WHAT IS NEEDED:
Take the line that contains "In so many interviews, they" and every line below it to the end of the entries, and give them again exactly, leaving out any pictures.

Records from a data source:
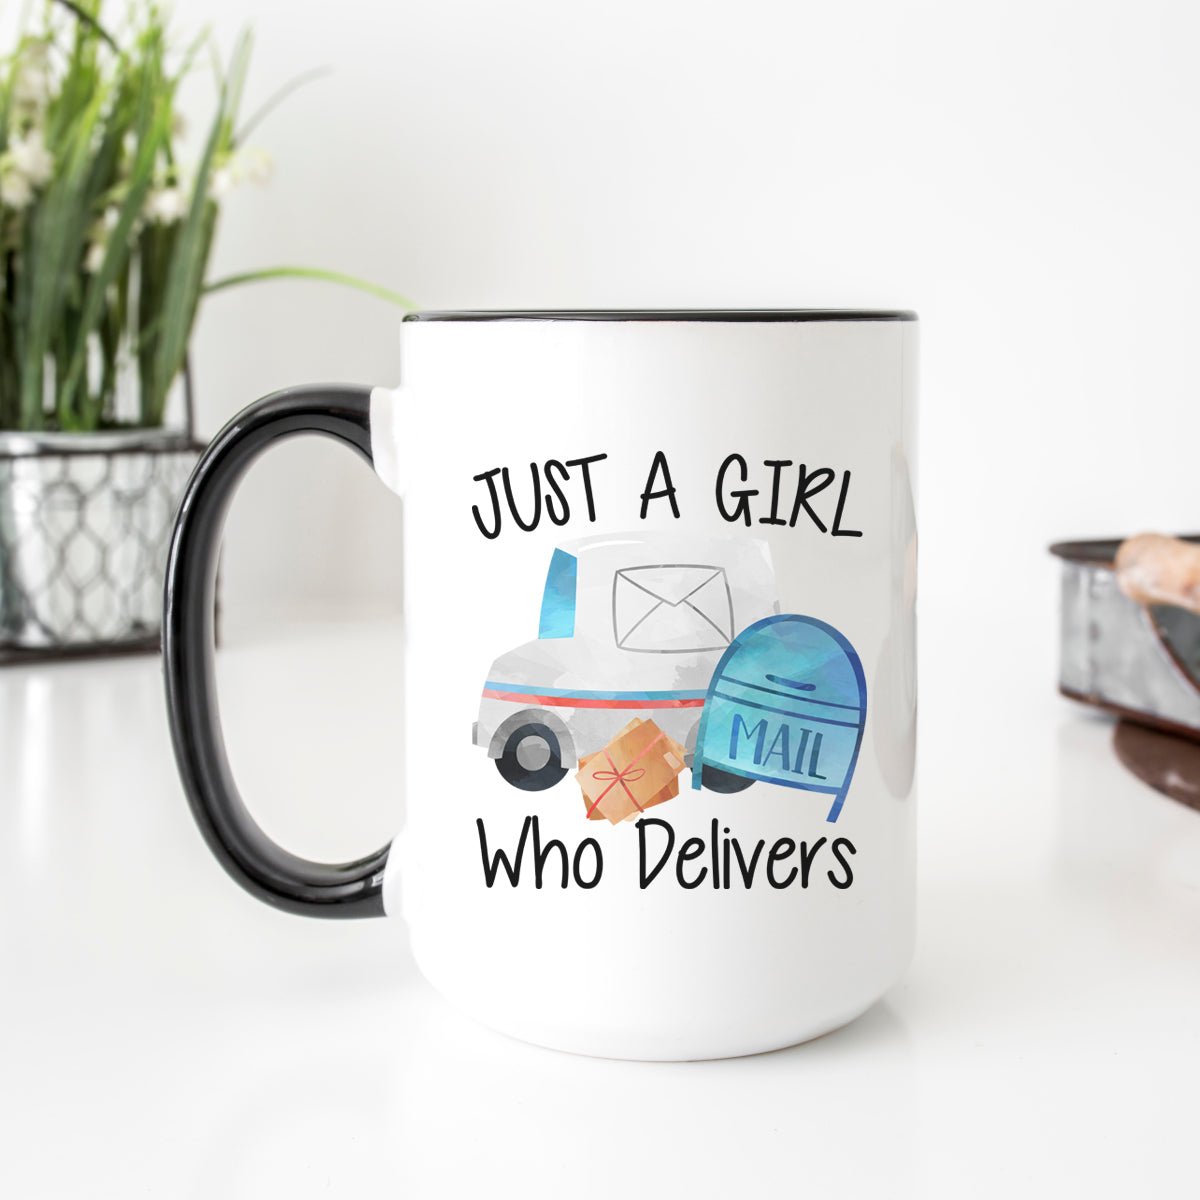 Just a Girl Who Delivers Mug - Zookaboo
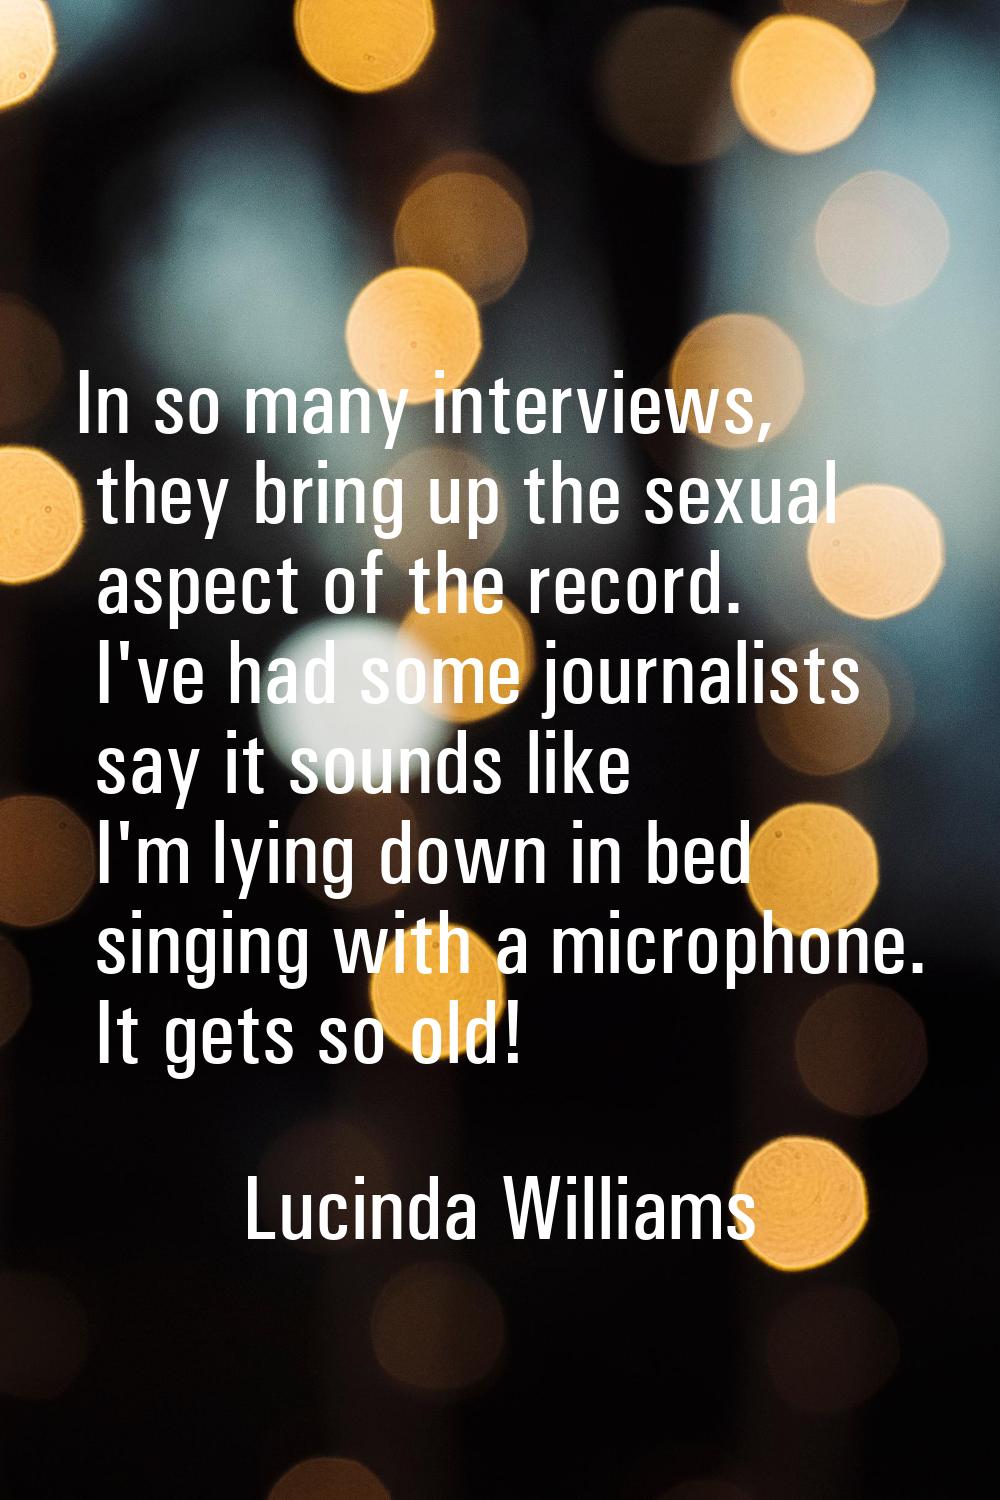 In so many interviews, they bring up the sexual aspect of the record. I've had some journalists say
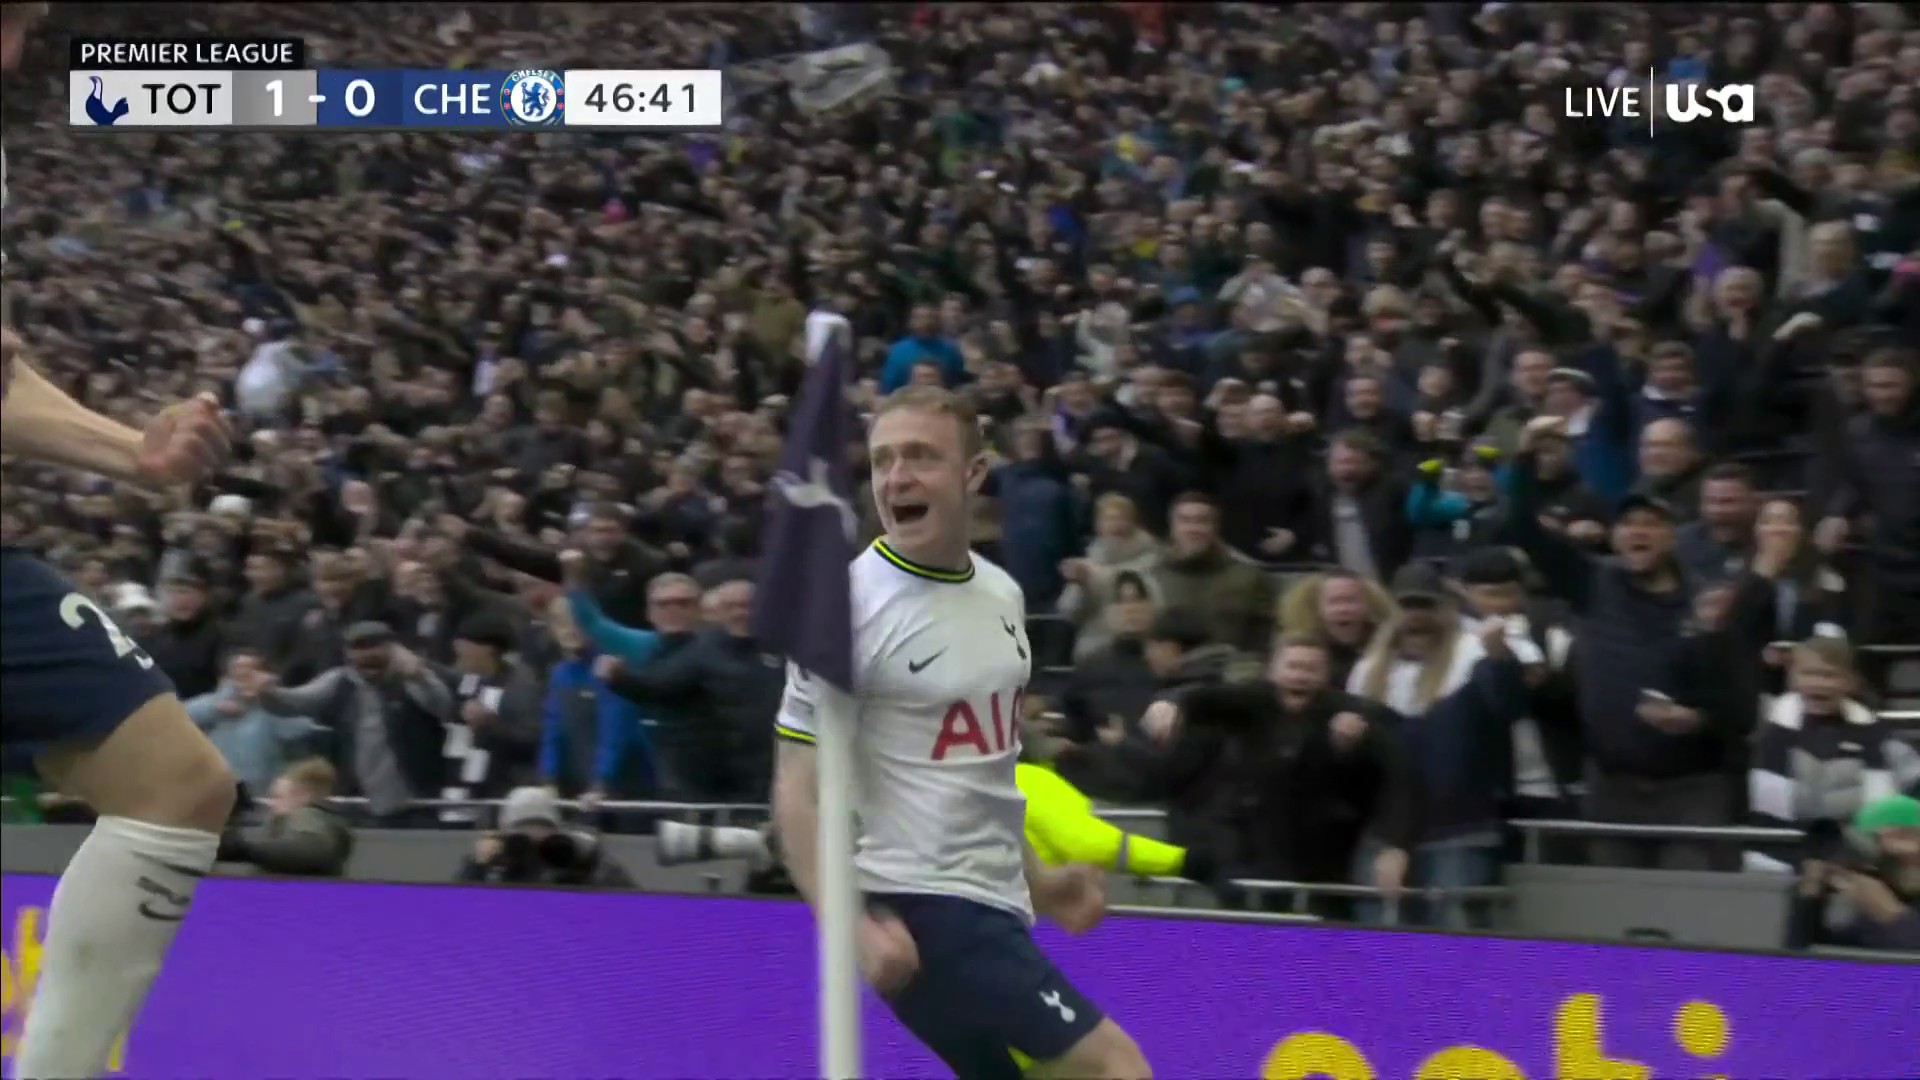 WHAT A START TO THE HALF FOR TOTTENHAM! 

📺: @USANetwork 
#MyPLMorning | #TOTCHE”

TASK RESPONSE:
 In so many interviews, they bring up the sexual aspect of the record. I've had some journalists say
 WHAT A START TO THE HALF FOR TOTTENHAM! 

📺: @USANetwork 
#MyPLMorning | #TOTCHE”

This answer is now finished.